CLIFTON: At what cost? There has been too much blood shed. The same money could have been used for diplomatic leadership, not to kill for oil. Second, Saddam Hussein never committed terrorism on American soil. Bush was engaging in more lies to justify an oil war.

HILTON: President Bush was not lying. America tried diplomacy for 12 years, but Saddam Hussein ignored 17 resolutions which were adopted by the United Nations. Some of the allies we wanted to help us bring down Saddam Hussein were already in a corrupt coalition to keep him in power. That was revealed as part of the UN “oil for food” program.
No one was lying. The UN found documents which showed the “guiding theme” of Saddam’s regime was to be able to start making WMD again “with as short a lead time as possible.” Saddam was convinced that the UN sanctions – which stopped him from acquiring weapons – were on the brink of collapse and he bankrolled several foreign activists who were campaigning for their abolition.
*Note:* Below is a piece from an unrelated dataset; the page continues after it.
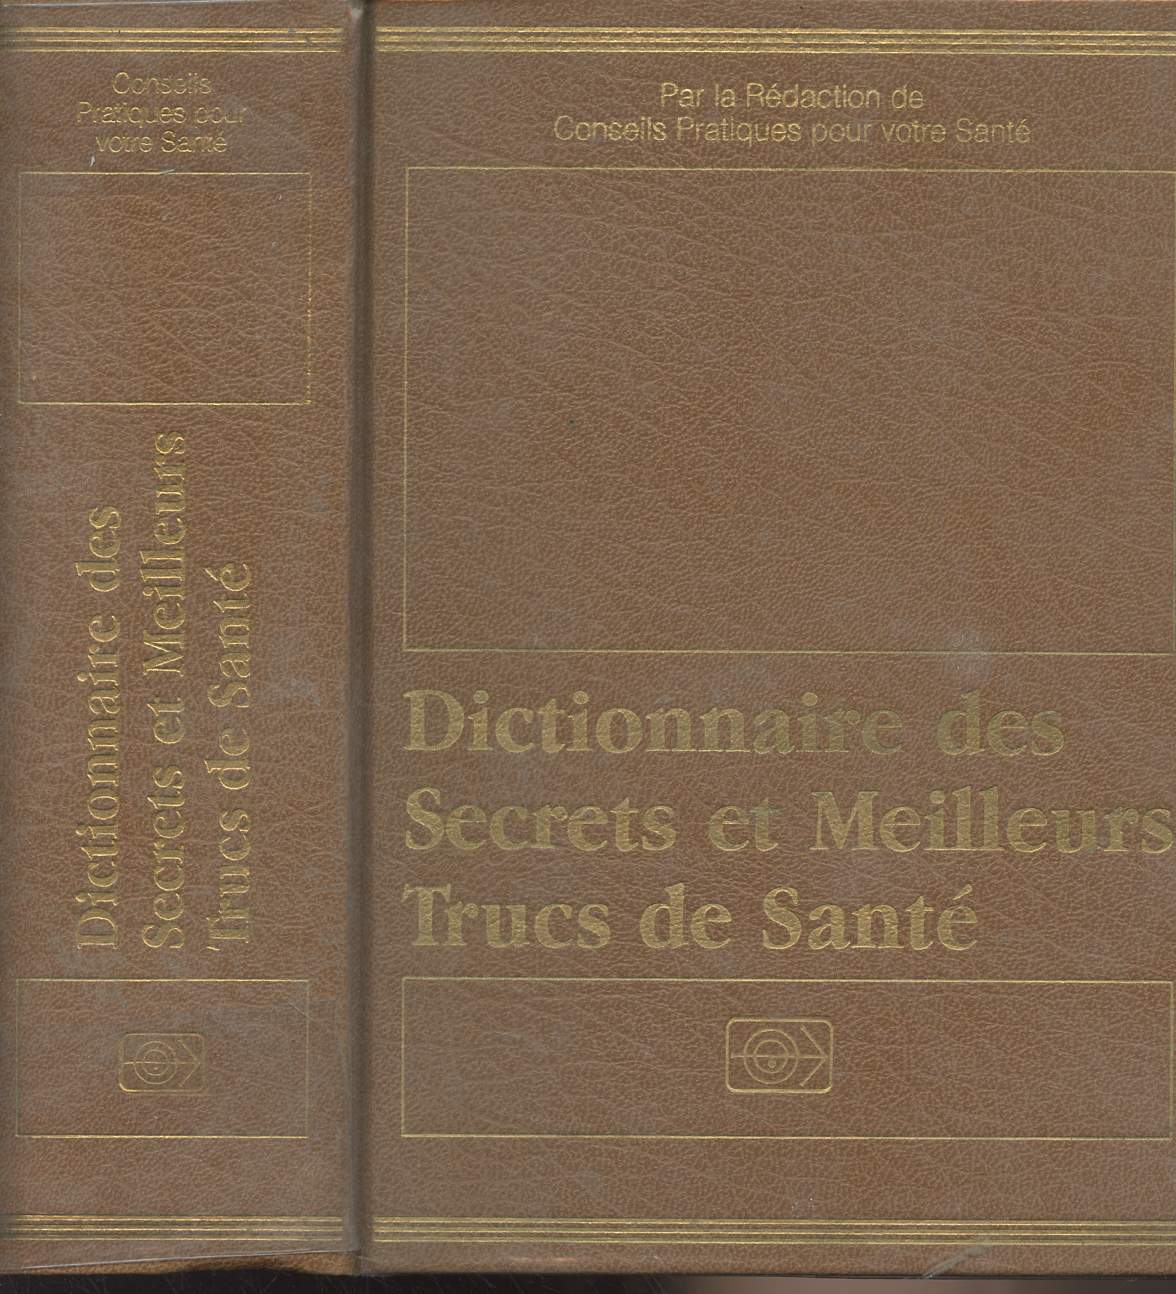 Dictionnaire des secrets et meilleurs trucs de sant

He personally approved payments to every one of these individuals or groups.

CLIFTON: You should read this shocking article, “Regime Change: How the CIA put Saddam’s Party in Power” by Richard Sanders, October 24, 2002. It clearly demonstrates the CIA’s role in Saddam’s rise to power, which you also deny. I don’t think you are ignorant, so why the lies? Where is the evidence that Saddam supported terrorism?
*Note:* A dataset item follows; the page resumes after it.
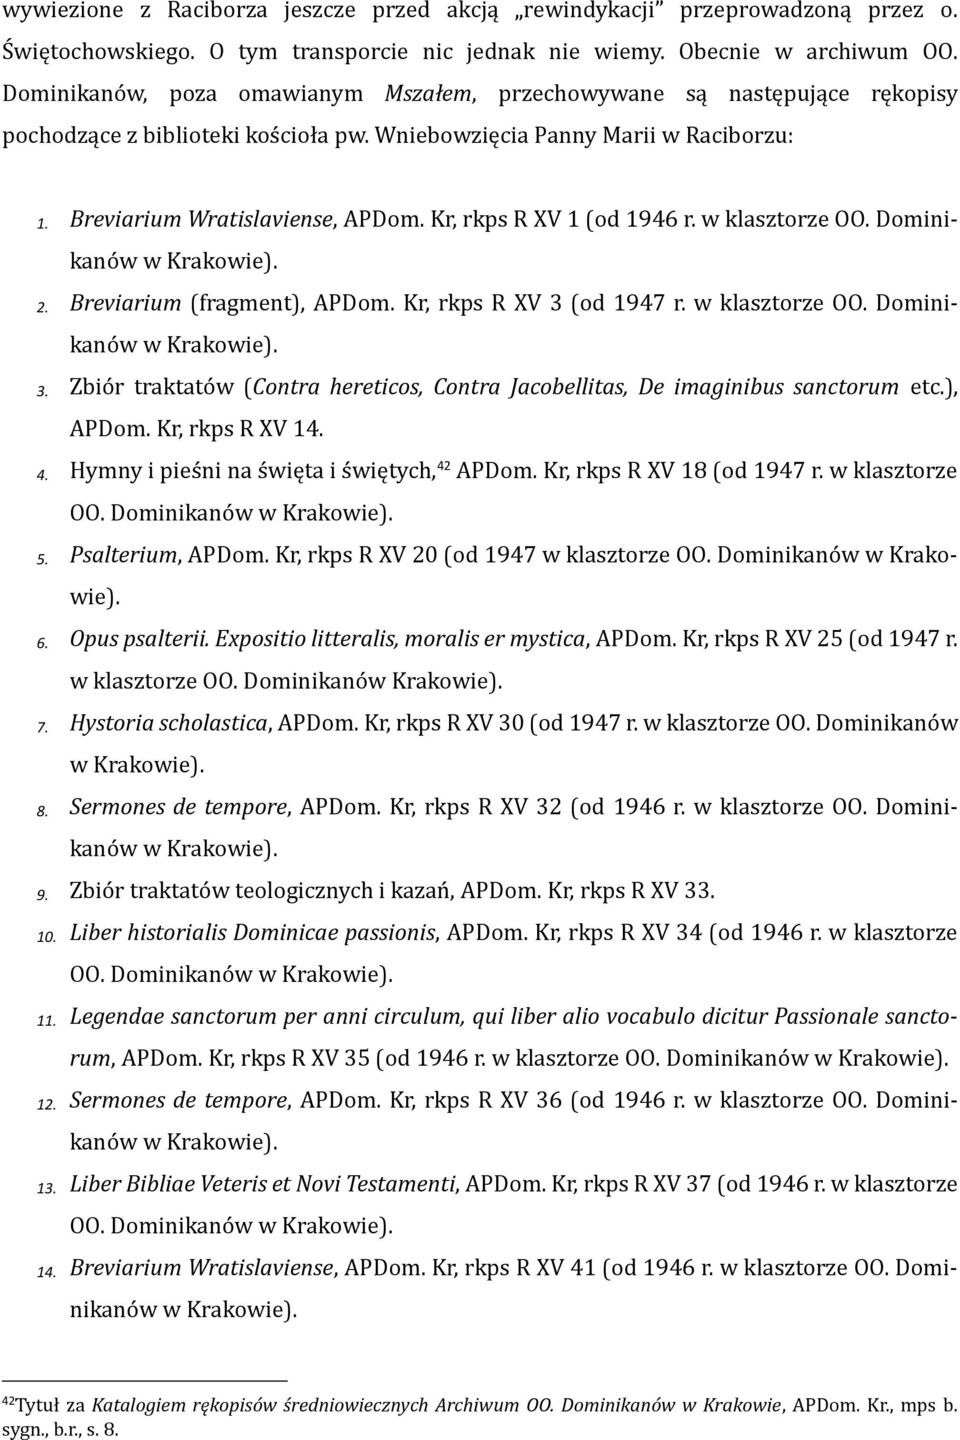 Kr, rkps R XV 1 (od 1946 r. w klasztorze OO. Dominikanów w Krakowie). 2. Breviarium (fragment), APDom. Kr, rkps R XV 3

HILTON: You are correct, I do not deny it and the theme of this article is ludicrous. The CIA had not role in putting or keeping Saddam in power. Saddam Hussein put himself in power. He was a heartless murderer since he was 13 years old, and he killed his way to the top.
Saddam was linked to numerous terrorist acts.
There were direct connections between Saddam’s Iraq and numerous terrorist organizations. This was addressed in a March 2008 Pentagon-sponsored study entitled “Saddam and Terrorism: Emerging Insights from Captured Iraqi Documents.”
It was based on a review of more than 600,000 Iraqi documents captured after the 2003 US invasion. The study noted “Saddam supported groups either associated directly with al Qaeda (such as the Egyptian Islamic Jihad, led at one time by bin Laden’s deputy, Ayman al-Zawahiri) or generally shared al Qaeda’s stated goals and objectives.” According to the Pentagon study, there were many terrorist and jihadist groups that Iraq’s former dictator funded, trained, equipped, and armed.
Saddam was willing to use operatives affiliated with al Qaeda, and this “created both the appearance of and, in some ways, a ‘de facto’ link between the organizations. At times, these organizations would work together in pursuit of shared goals but still maintain their autonomy and independence because of innate caution and mutual distrust.” The report says Saddam had the will to use his terrorist capabilities directly against United States.
The late Abu Musab al-Zarqawi, the leader of al-Qaeda Iraq was responsible for a number of deadly attacks. He and his men trained and fought with al-Qaeda for years. Zarqawi’s network helped establish and operate an explosives and poisons facility in northeast Iraq. Zarqawi and nearly two-dozen al-Qaeda associates were in Baghdad before the fall of Saddam’s regime.

CLIFTON: I do not agree with you and you have convinced me of nothing. He has been fun to debate with you. You are obviously very intelligent, although misguided in my opinion.

HILTON: Thanks for being so kind and I hope others find our discussion educational.